Korishë (Кориша; romanized: Koriša) is a village in the Prizren Municipality in southern Kosovo.

==History==
Prior to the Ottoman expansion into the region, Korishë was a large settlement that extended out into the Brešta ridge to the east of the village. The area surrounding the village had nine Serbian Orthodox sites including the Hermitage of St. Peter of Koriša and Monastery of St. Mark of Koriša scattered within the Brešta ridge.

At the turn of the 20th century, the population demographics of Koriša changed. Prior to 1912, there were between 30 and 40 Serbian households and by 1940, only 25 Serb homes remained with many Serb families moving permanently to Belgrade, Prizren and Niš. Throughout this time, many Albanians moved down from settlements on the Kabash Mountain into Korishë. By 1940, there were 54 Albanian households. During the Yugoslav colonisation of Kosovo, 11 Serbo-Montenegrin colonist families were settled in the locality of Korisha-Kabashi.

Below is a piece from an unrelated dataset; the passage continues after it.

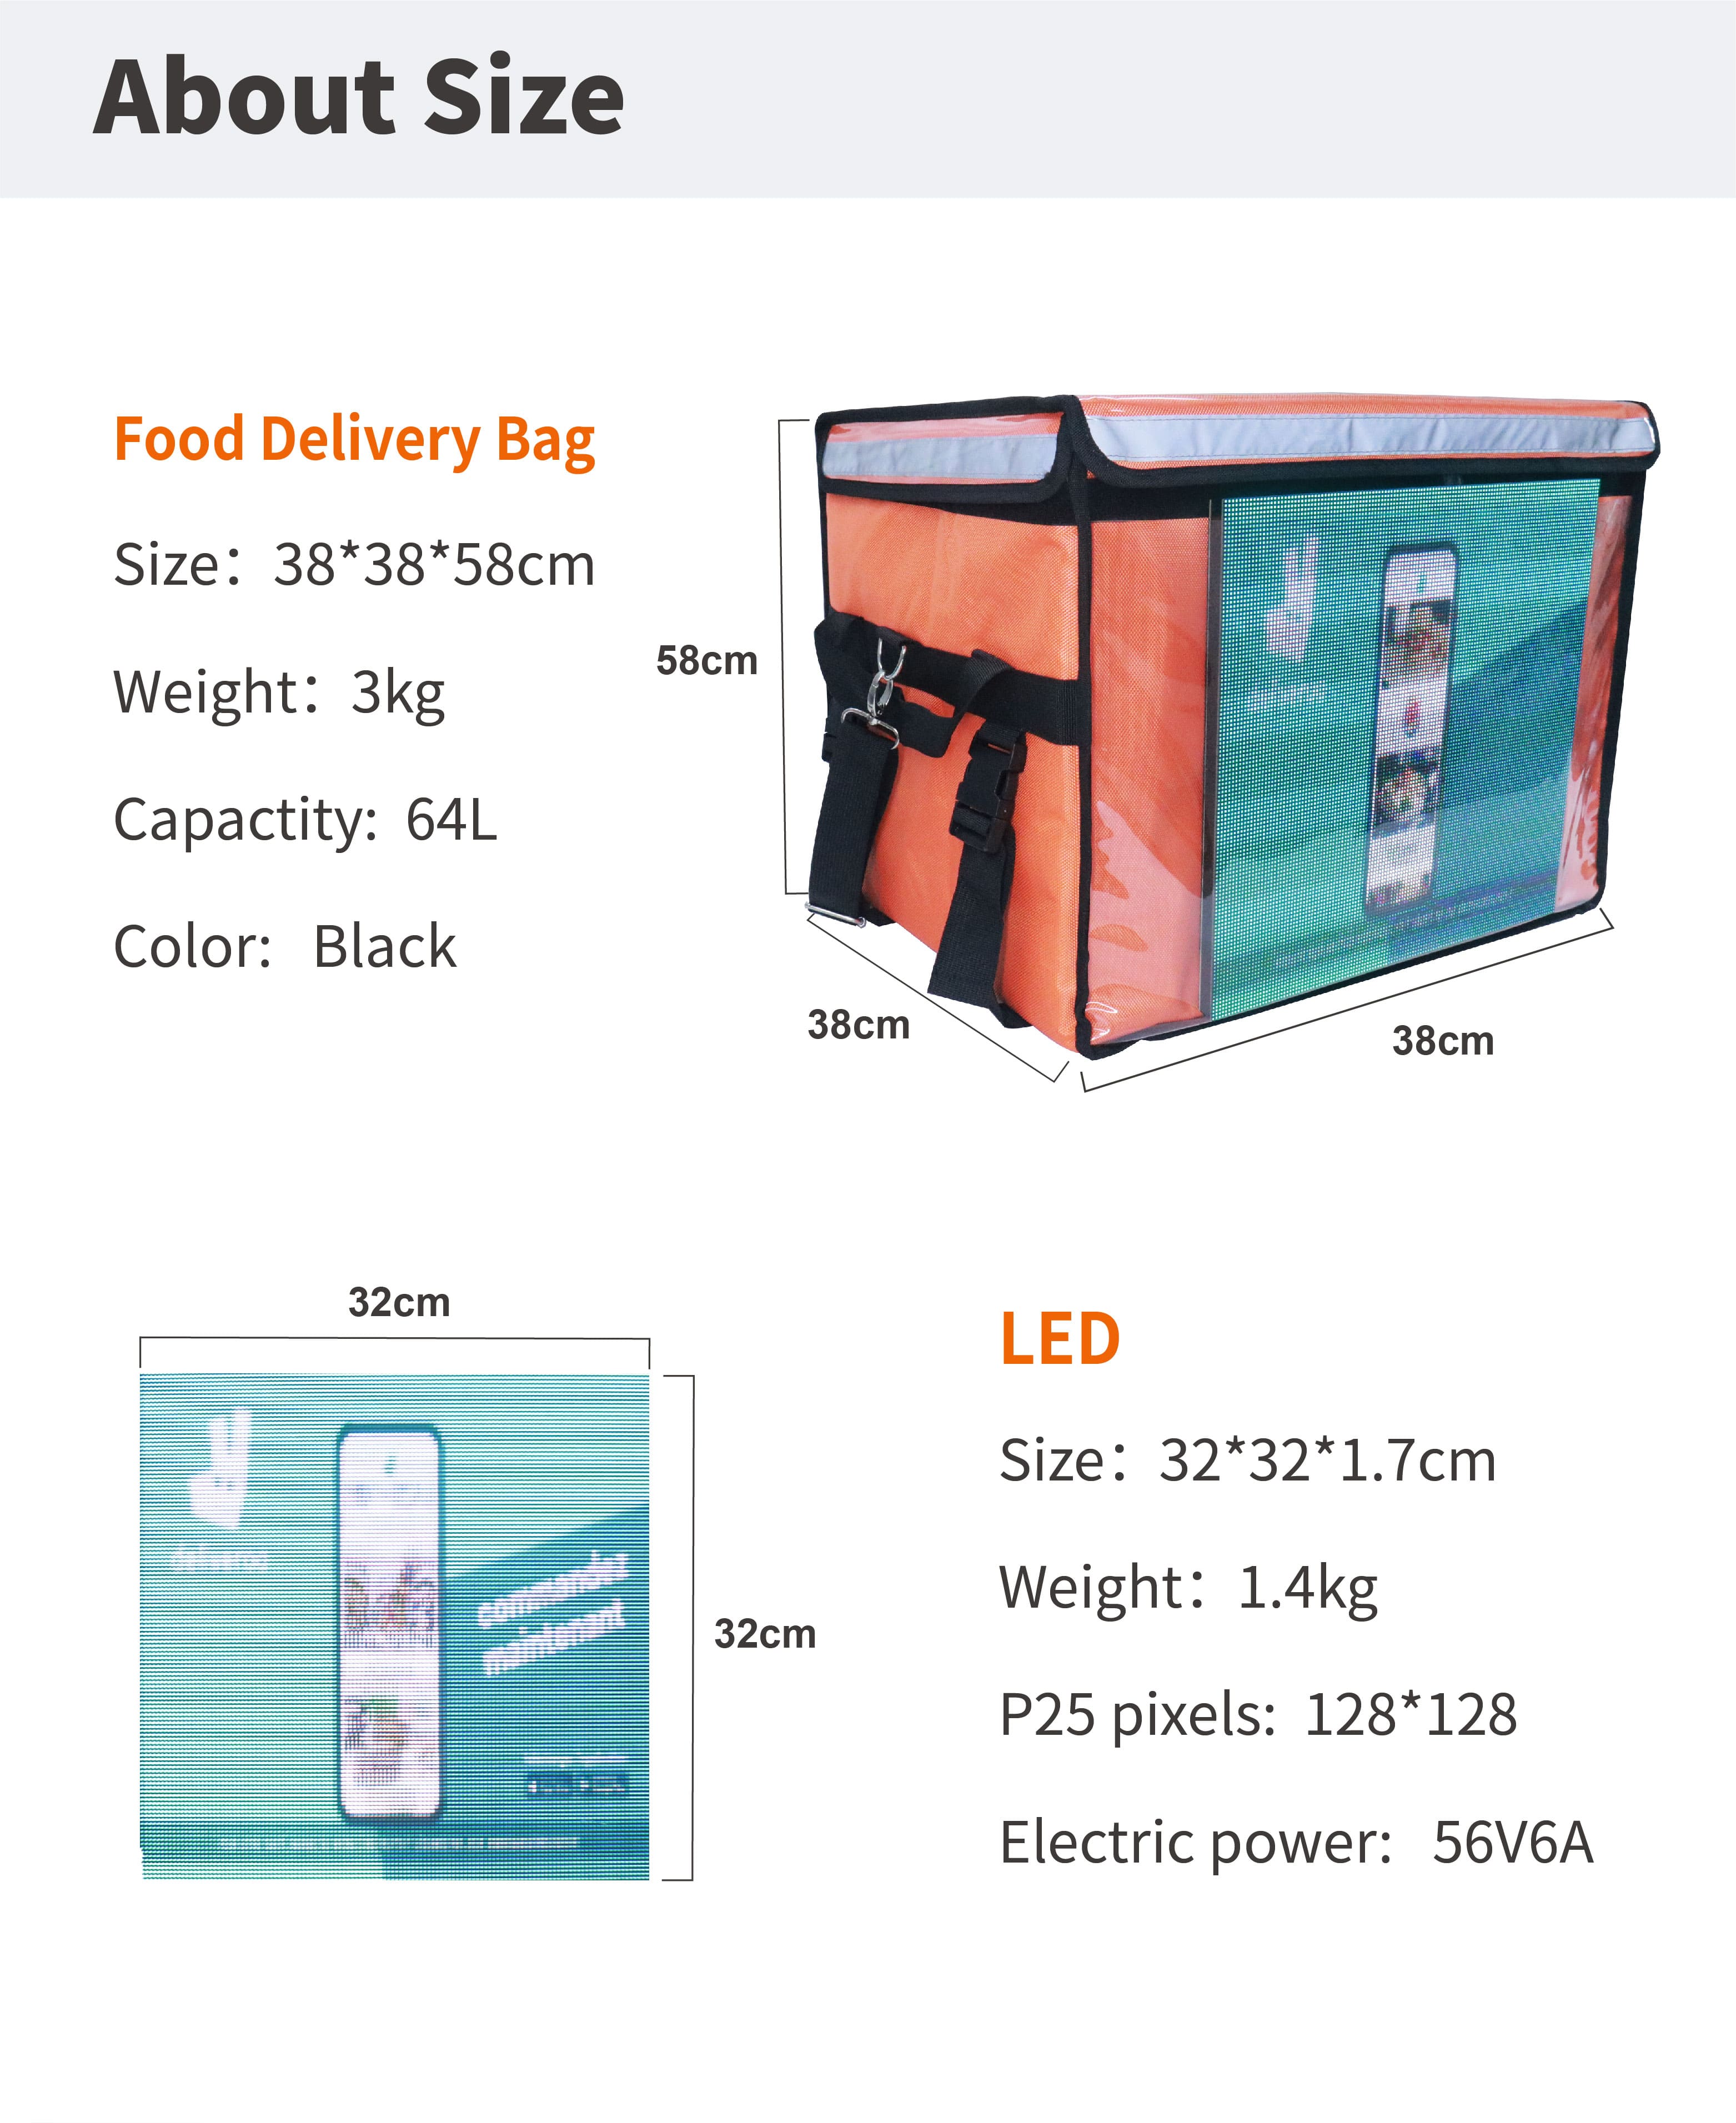 led food delivery bag

During World War II, in the village of Korisha near Prizren, Albanians destroyed the 14th-century Serbian Church of St. Peter.

=== Kosovo War ===

During the Kosovo War, the village was the site of the NATO-ordered Koriša bombing, which resulted in the deaths of roughly 100 civilians.

== Notable sites ==
There are 3 artificial waterfalls, which are being visited by a lot of Tourists all around Kosovo.

On the right side of Kabash Mountain, in an area called Gralishtë, is a large, unfinished castle. It dates from the 5th to 6th century.